While the proposal has raised some technical concerns, it later gained broader attention as it became a flashpoint in a larger ideological debate. The most outspoken critics, such as Bitcoin Core developer Peter Todd, invoked questions about Bitcoin’s identity and the degree of power its core developers hold.

Satoshi Nakamoto’s original whitepaper referred to Bitcoin as a peer-to-peer electronic cash system, and many believe any other uses of the blockchain should be actively discouraged. Among those critics’ main concerns is that if the size limit on OP_RETURN is removed, it might lead to more "monkey jpegs" — a reference to NFTs like Yuga Labs’ Bored Apes Yacht Club — being stored on Bitcoin.

They also pointed out several practical concerns about what uncapping OP_RETURN might mean for Bitcoin node operators and the Bitcoin network as a whole. For instance, they fear that it will increase the bandwidth and storage requirements for node operators, making it more expensive to run a full Bitcoin node.

A Bitcoin node is software that connects to the Bitcoin network and helps enforce the rules of the protocol. Node operators are the gatekeepers of consensus and are vital in keeping Bitcoin secure, decentralised, and censorship-resistant. In particular, they defend Bitcoin’s rules as miners can’t change the protocol if nodes reject invalid blocks.

Those against raising the size limit of OP_RETURN also warned that it could increase demand for block space, driving up transaction fees and pricing out smaller financial transactions. However, Todd said during a recent debate that this is unlikely because of the financial incentives involved.

Bitcoin Core and OP_RETURN

Bitcoin Core is the reference implementation of the Bitcoin protocol — the official software used to run a full Bitcoin node. It’s the original and most widely used version of Bitcoin software, maintained by a decentralised group of developers and contributors.

As such, the Bitcoin Core developers ultimately decide what changes will be included in the software and, by extension, which code modifications will be deployed across the network.

Todd explained that using OP_RETURN to store arbitrary data is about four times more expensive than another available mechanism. That mechanism is segregated witness (SegWit), the result of Bitcoin’s last major ideological battle, which took place between 2015 and 2017.

During that dispute, one camp advocated for increasing Bitcoin’s blocksize beyond 1MB, while the Bitcoin Core team and others argued against the change. This ultimately led to several "hard forks" of Bitcoin, namely Bitcoin Cash and Bitcoin Satoshi Vision, which increased the block size.

Hard forks can be thought of as changes that do not maintain backwards compatibility, whereas soft forks are backwards-compatible. While the “big blockers” hard forked, Bitcoin Core implemented SegWit through a soft fork, allowing blocks to be up to 4MB in size.

Bitcoin calculates fees based on the transaction size, with data in the witness portion of a block effectively getting a 75% discount.

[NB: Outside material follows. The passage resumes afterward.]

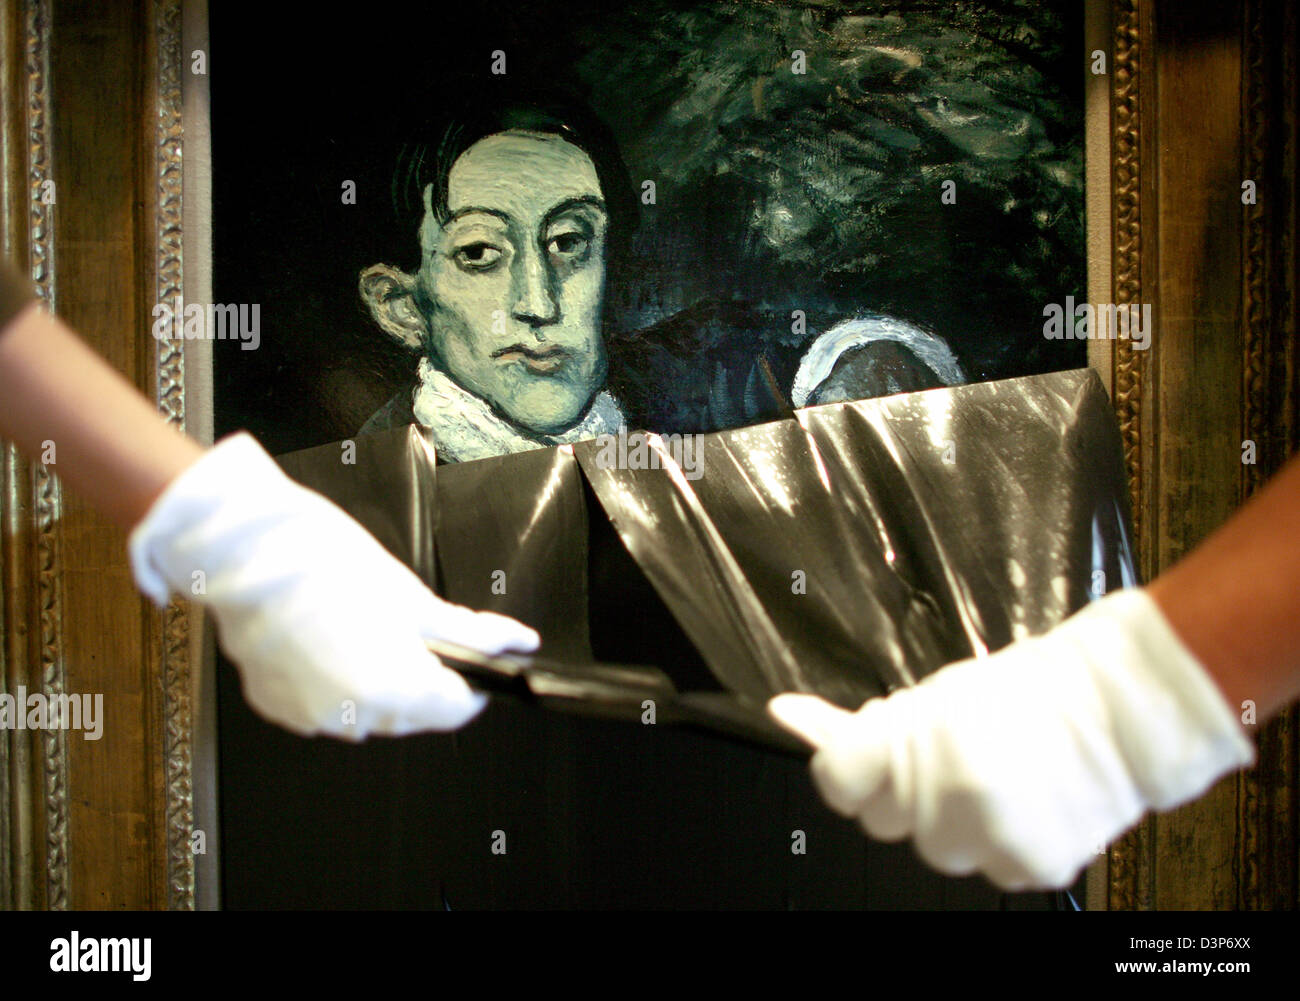 Employés de maison de vente aux enchères Christie's présente son 'Portrait d'Angel Fernandez de Soto" au musée romain-germanique de Cologne, en Allemagne, mercredi 20 septembre 2006. Christie's expose la peinture au musée à partir du 21 septembre jusqu'au 23 septembre 2006. Le tableau provient de la période bleue de Picasso (1901±1904) et fait partie d'Andrew Lloyd Webber's art collection. Banque D'Images

“It’s not economically rational to put your monkey jpegs in OP_RETURN data,” Todd said. “This purely comes down to, in certain cases, for technical reasons, certain protocols need their data to be in output space; it can’t be in witness space.”

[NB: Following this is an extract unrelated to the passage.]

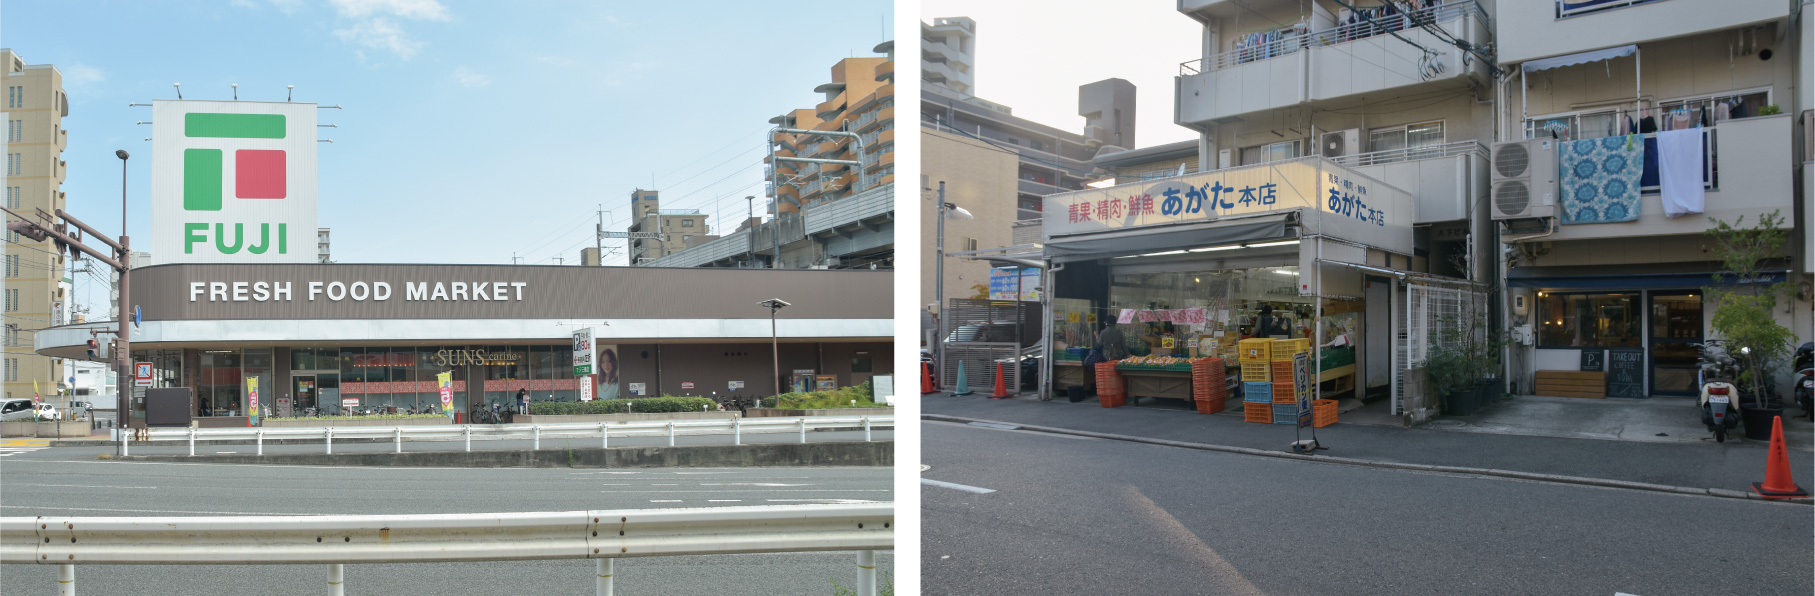 広島市、住みたい街、人気エリア、横川、スーパー、カフェ

Unspendable transaction outputs

OP_RETURN is primarily used to store data on the Bitcoin blockchain in a provably unspendable way. Because it’s unspendable, OP_RETURN outputs are not stored in the Unspent Transaction Output (UTXO) database, which helps reduce Bitcoin node resource usage.

Bitcoin uses a UTXO-based model rather than keeping balances like a bank account. Therefore, your “wallet balance” is the value of the inputs minus the outputs. Every transaction consumes one or more UTXOs as inputs and creates new UTXO outputs. As a best practice, OP_RETURN outputs are given a value of 0 BTC.

Todd explained that as things currently stand, protocols requiring more than 80 bytes of arbitrary data in output space are creating unspendable outputs that get added to the UTXO set.